Inland Revenue proposals to relax payments into pension schemes means people will pay into an Isa first and a pension later, taking advantage of the best tax relief, say industry experts.

IFAs predict that the Revenue&#39s proposal to allow contributions of 100 per cent of salary with an annual cap of £200,000 up to a lifetime contribution limit within a lifetime limit of £1.4m into a pension in any year will push the development of wrap accounts combining Isas and pensions. They say the wrap accounts will allow the movement of money from one fund to another when it is most tax-efficient.

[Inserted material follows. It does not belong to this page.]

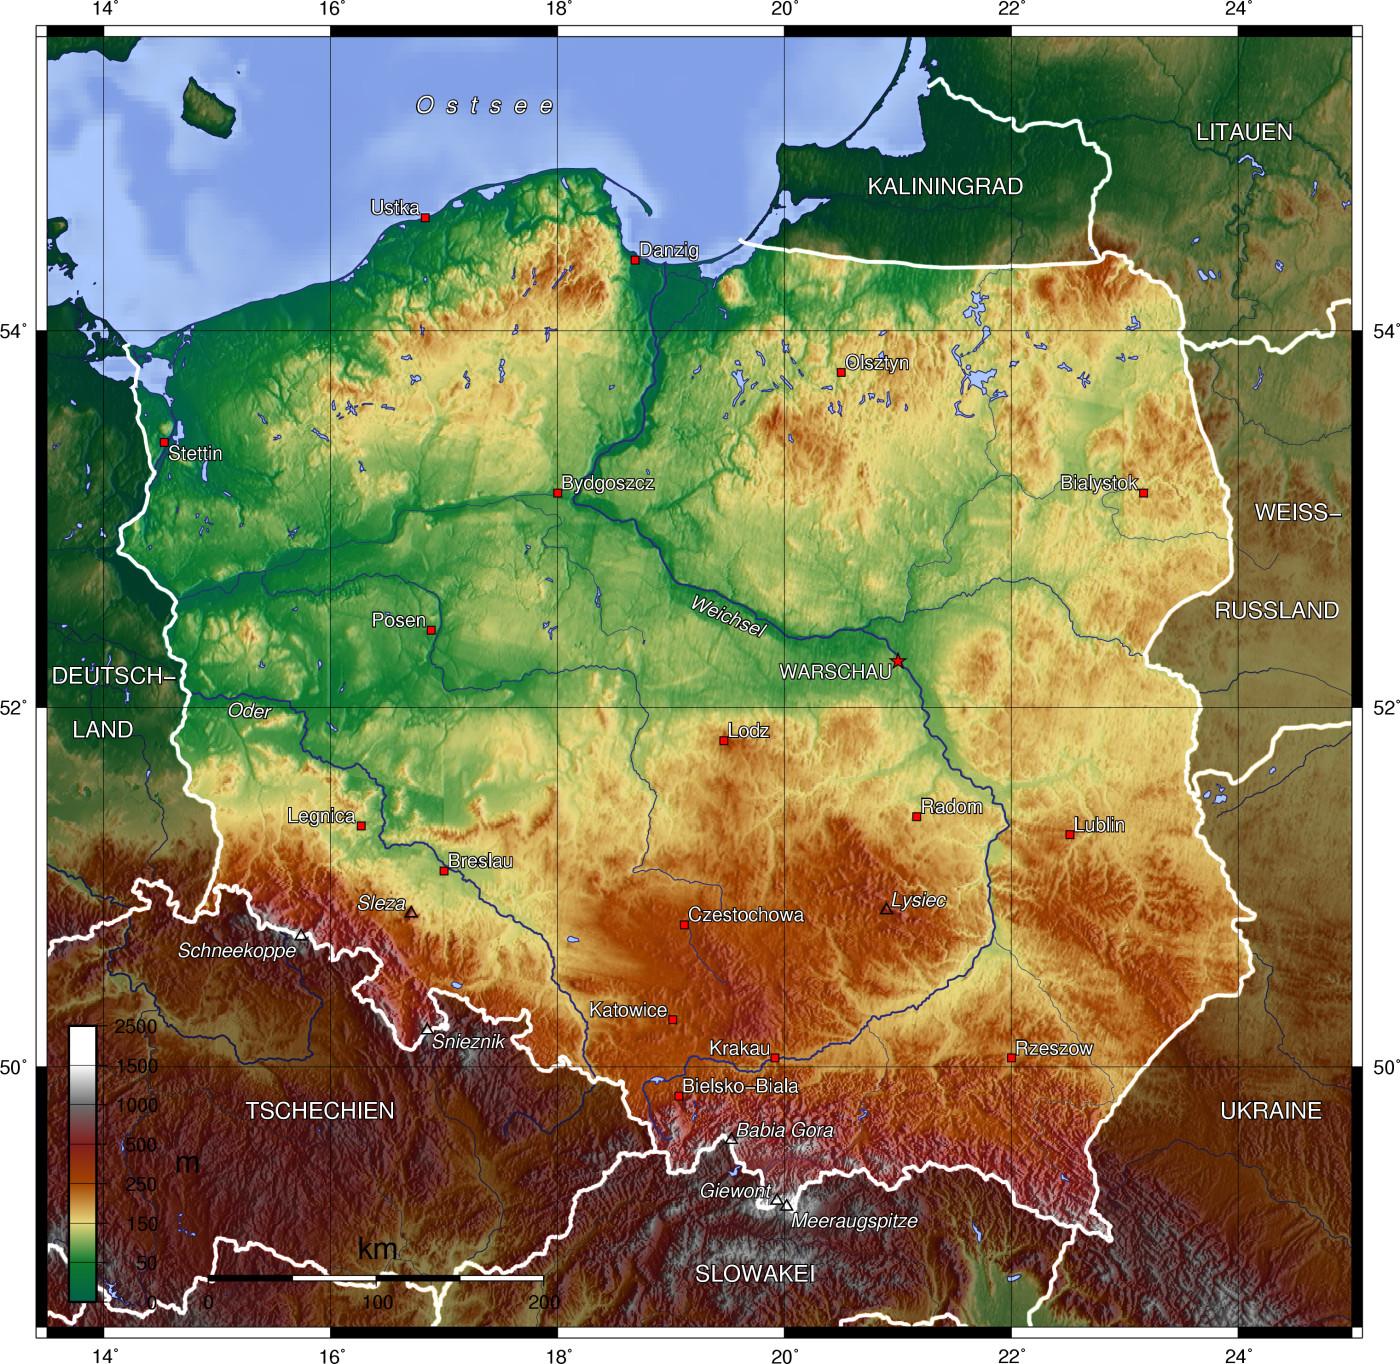 Landkarte Deutsch.Physische Landkarte Von Polen Deutsch Weltatlas
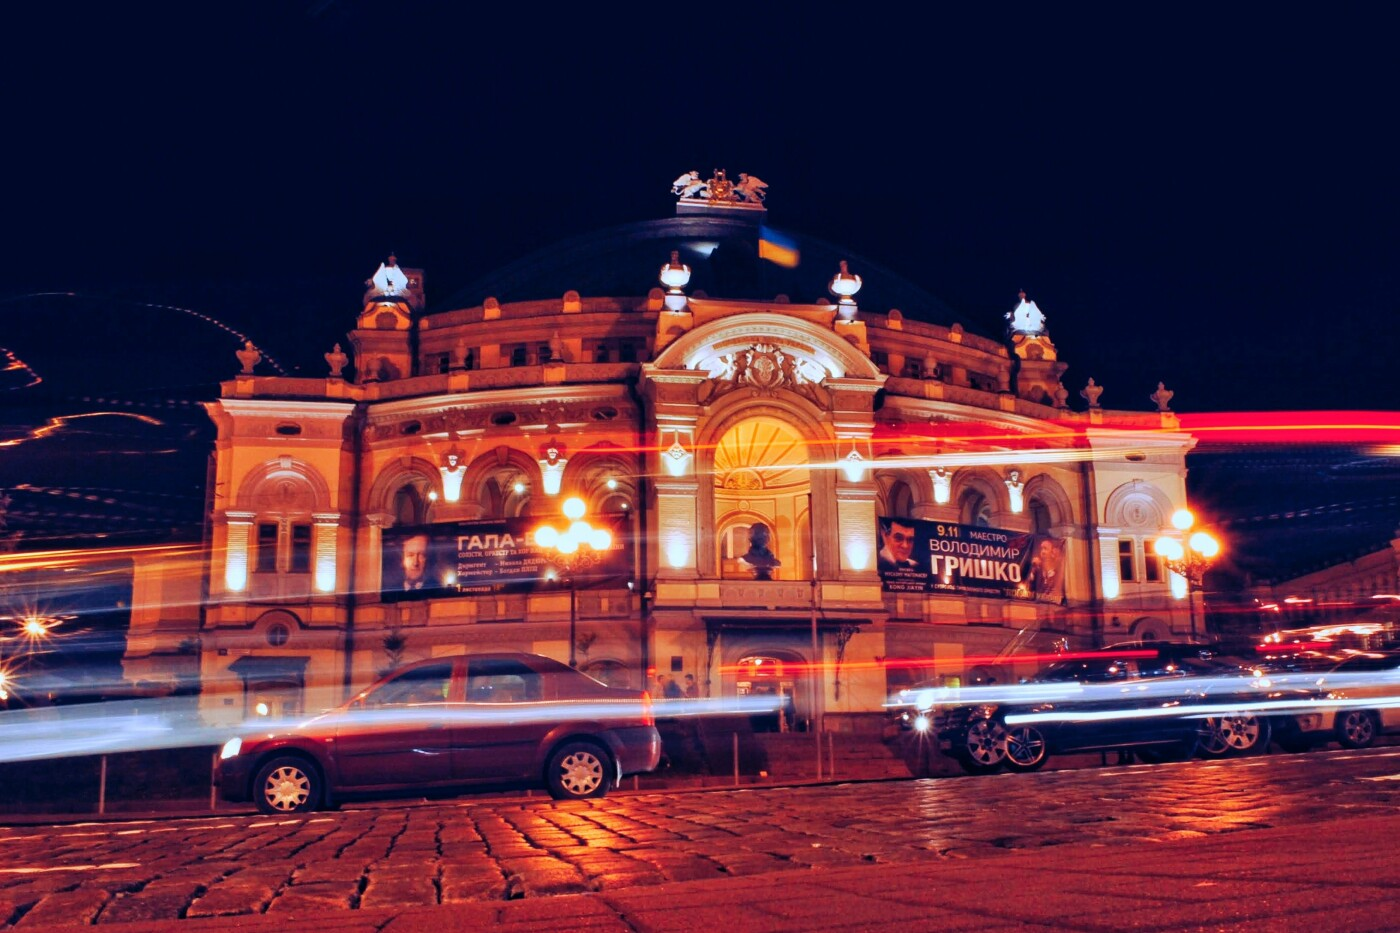 Куда пойти с друзьями в Киеве: необычные места, которые нужно посетить

Lower-rate taxpayers could pay into Isas initially and switch money to their pensions if they become higher-rate tax- payers later, getting tax relief at the higher rate.

Money Marketing understands that technology companies and IFAs are planning to roll out wrap accounts to accommodate Isa to pension switching within six months.

Taxbriefs chief editorial consultant John Housden says: “This will encourage the trend towards wraps that drip money from Isa to pension when it is most efficient to move them.”

Speaking at the Taxbriefs conference in London last week, Pensions minister Andrew Smith said: “I am relaxed if people choose Isas as an alternative to pensions as long as they know what they are doing. The financial services industry will come up with innovative new products to allow diversity in the portfolio of pension provision.”